5. Pokaż mi swój spokój

338 14 0
                                    

Nora

Pierwszy oddech świeżym powietrzem okazał się dla mnie wybawieniem. Zaczęłam zastanawiać się jakim cudem nie udusiłam się przebywając w środku. Chłodny wiatr owiał moją twarz. Dziękowałam sobie za ubranie bluzy, bo temperatura z całą pewnością o tej porze nie byłaby odpowiednia na top, który chciała mi wcisnąć Pel.

Zwolniłam trochę pozwalając, aby to chłopak szedł przodem. Nie miałam pojęcia, który samochód należy do niego, dlatego to jemu zostawiłam prowadzenie. Szliśmy w ciszy, a wzrok chłopaka zamiast na drodze utkwiony był w telefonie. Jeszcze chwila a zaczęłabym posądzać go o uzależnienie.

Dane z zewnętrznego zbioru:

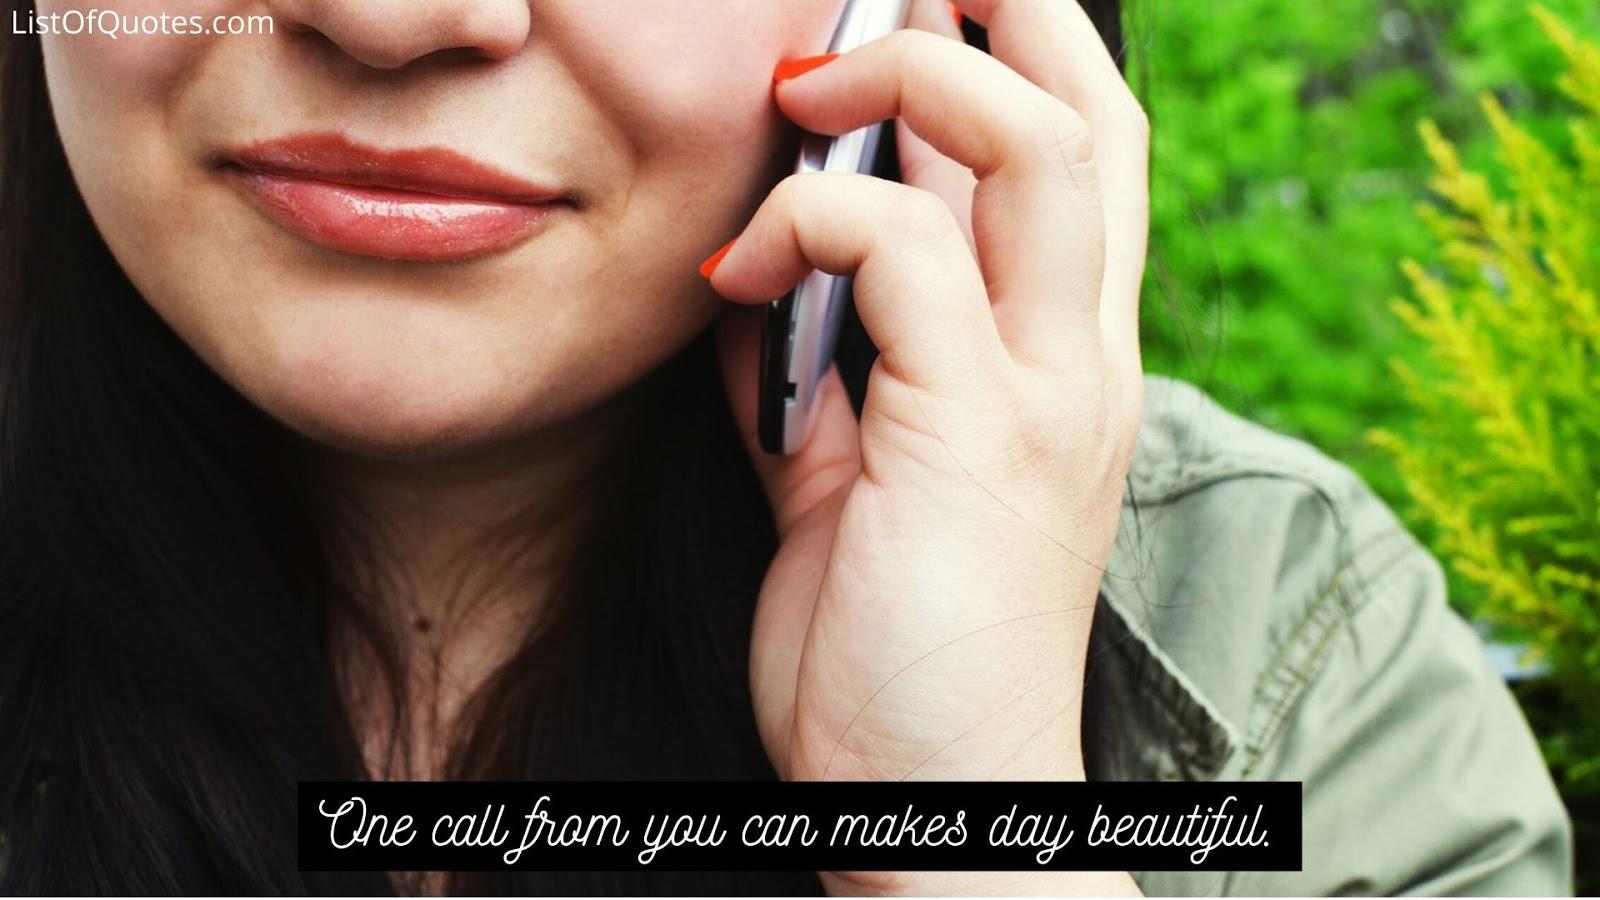 surviving long distance relationship quotes For Boyfriend Girlfriend

- Musiałeś zaparkować tak daleko? - odezwałam się, gdy zdążyliśmy oprócz parkingu minąć kilka uliczek, i gdy wszystkie samochody zniknęły mi z oczu.

- Przyszedłem pieszo - powiedział.

Był zupełnie poważny. Zatrzymałam się i wpatrywałam w jego plecy, gdy ten szedł dalej. Wreszcie, zapewne nie słysząc moich kroków, obrócił się w moja stronę.

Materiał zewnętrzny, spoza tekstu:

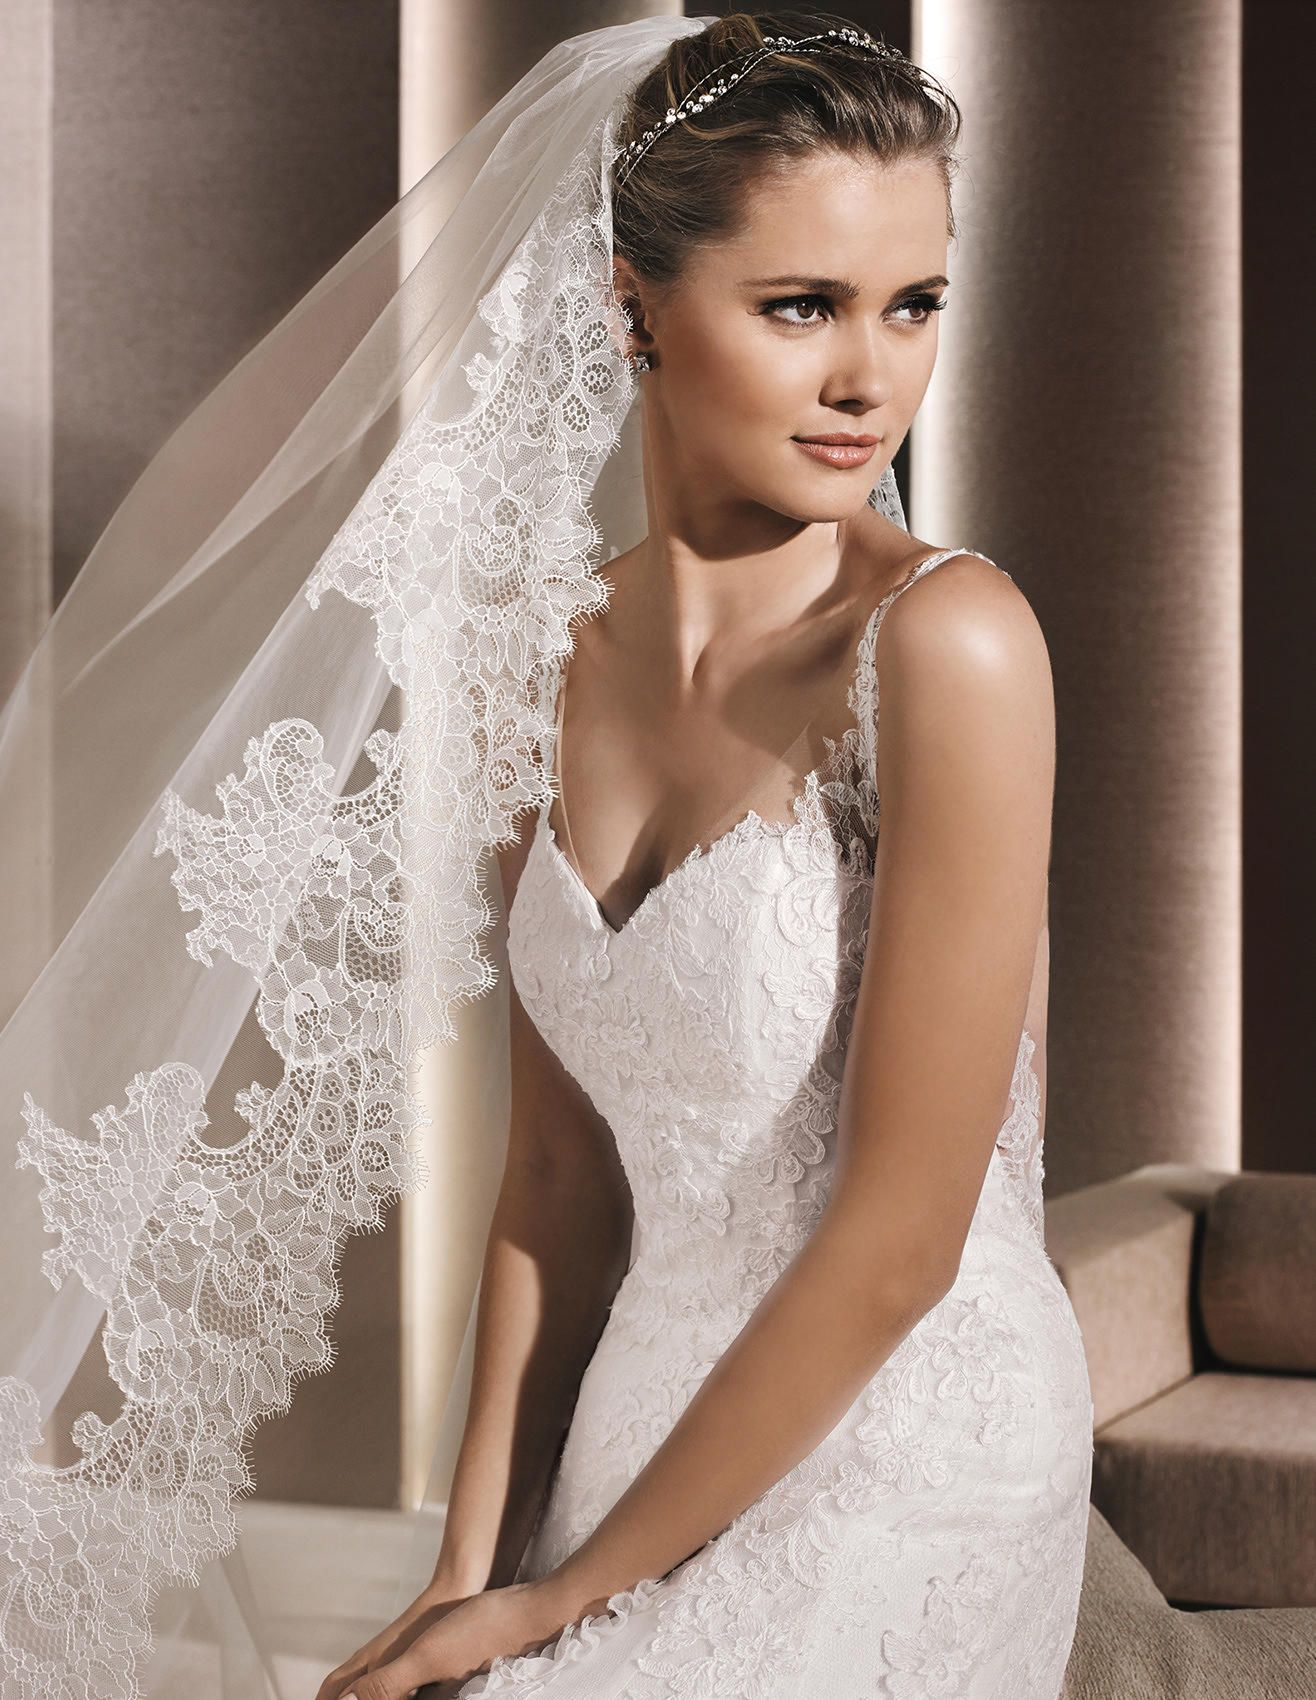 RANIT - Lace wedding dress, with sweetheart neckline | La Sposa

- Przyszedłeś pieszo? I nie raczyłeś mi o tym powiedzieć, kiedy proponowałeś mi  p o d w ó z k ę?! - Nie wiedziałam, czy bliżej było mi do płaczu, czy raczej wybuchnięcia śmiechem, bo cała ta sytuacja wydała mi się komiczna.

- A zgodziłabyś się?

- Nie!? - odparłam kpiąco. - Jasne, że nie!

Chłopak uśmiechnął się. Wśród ciszy, wokół, której się znajdowaliśmy jego głos wydawał się taki donośny i głęboki. I musiałam przyznać, że tego głosu mogłabym słuchać częściej.

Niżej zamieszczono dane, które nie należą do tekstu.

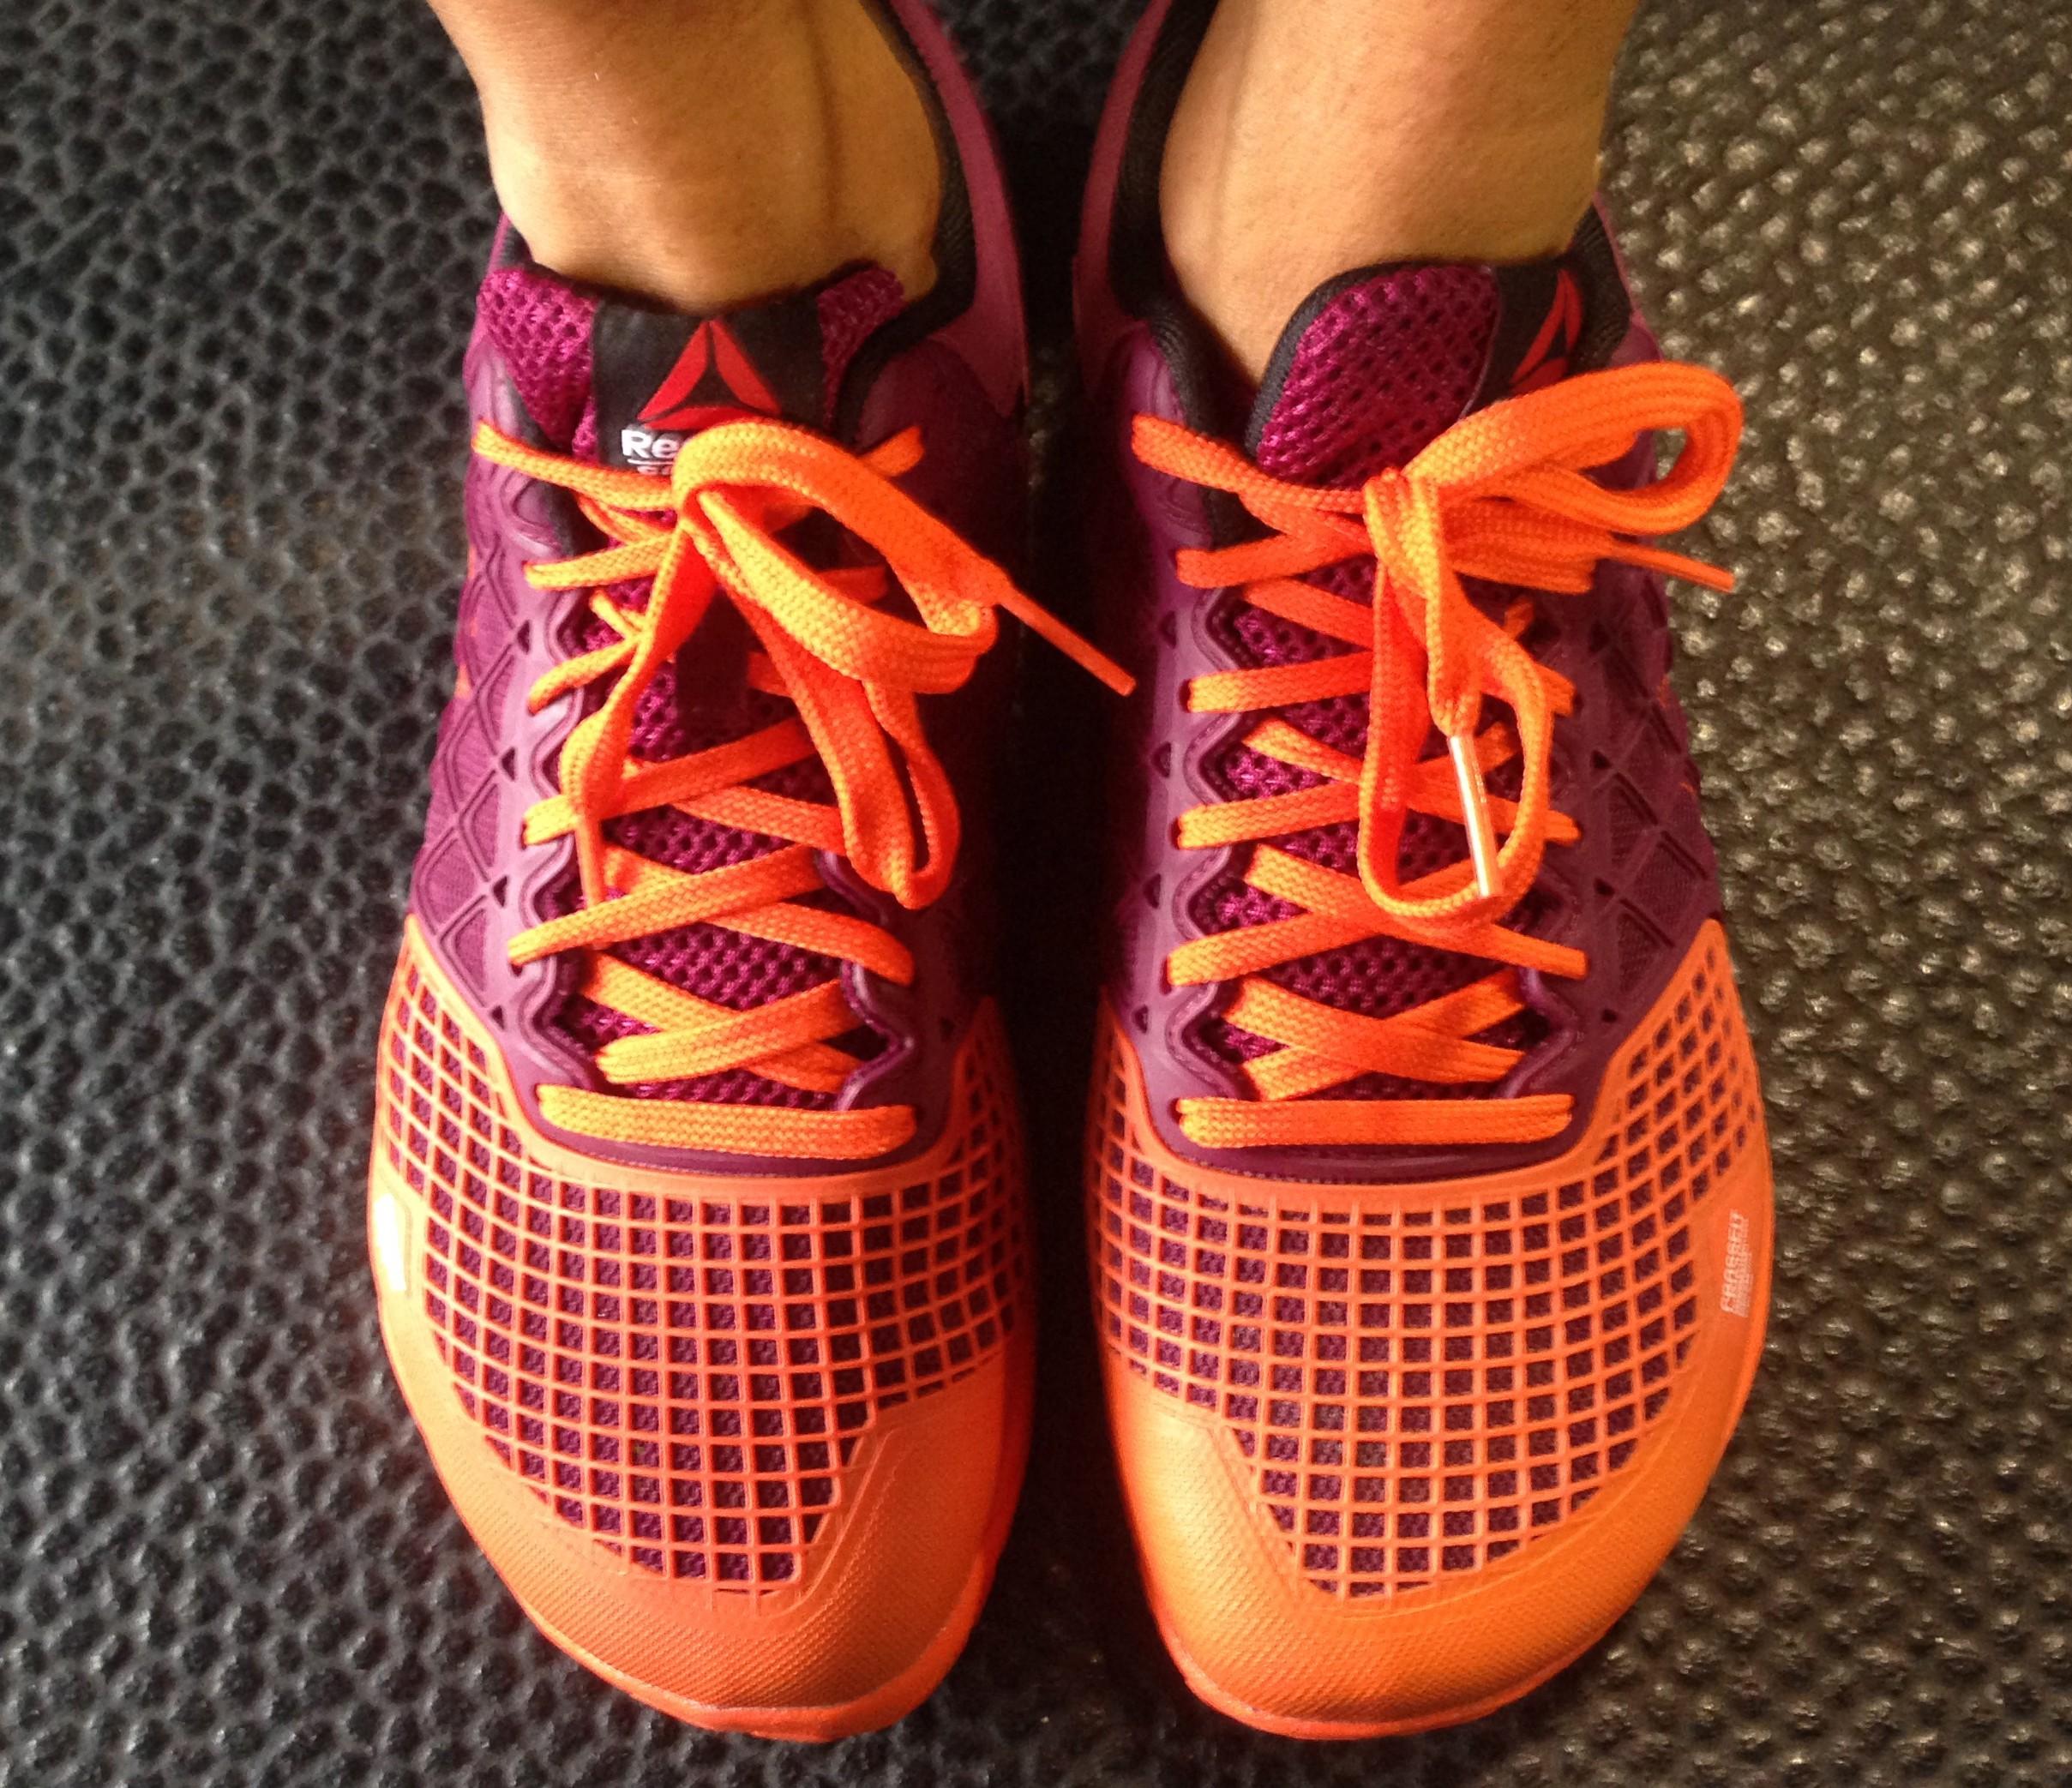 Nano 4.0: The Perfect Gym Shoe » PfitBlog

- Więc widzisz. - Wzruszył ramionami.

- Powinnam się bać? - zapytałam. - Wpadasz na mnie już trzeci raz, a teraz dodatkowo wyprowadzasz mnie z dala od ludzi.

- Za pierwszym razem to ty na mnie wpadłaś - przypomniał. - Poza tym, czułabyś się pewniej gdybym  w y w o z i ł cię z dala od ludzi?

Spojrzał na mnie i zwolnił, aby zrównać ze mną krok. Wywróciłam oczami na jego komentarz, jego drugą część postanowiłam zostawić bez odpowiedzi.

- Nie wpadłabym na ciebie, gdybym wiedziała, że nagle będziemy robić to częściej.

Było to dalekie od prawdy, ale nie mogłam przecież powiedzieć, że w zasadzie od kilku dni myślałam tylko o naszym spotkaniu w szpitalu. Podświadomie cieszyłam się z tego, że znowu się widzimy.

Chłopak pokręcił głową.

- Dawaj, jesteśmy już blisko.

Cieszyłam się, że Aslan szedł nie patrząc na mnie, bo wyraz w jakim wykrzywiła się moja twarz musiał być komiczny. Byłam zdziwiona, tak po prostu. Nie wiedziałam, dokąd mnie prowadził.

- Czy ty jesteś poważny? Zmęczyłam się - narzekałam, a chłopak zaczął się ze mnie śmiać.

Rozglądając się po okolicy nie widziałam nic konkretnego. Ot kilka domów szeregowych i wolno zasadzonych drzewek. Nie poznawałam tej okolicy i absolutnie nie miałam pojęcia, gdzie się znajdujemy. Musiałam polegać wyłącznie na nim.

- Popracuj nad kondycją. Dawaj, już blisko.

- Możesz mnie nieść, skoro jak widać ty ze swoją kondycją nie masz żadnego problemu - rzuciłam sarkastycznie.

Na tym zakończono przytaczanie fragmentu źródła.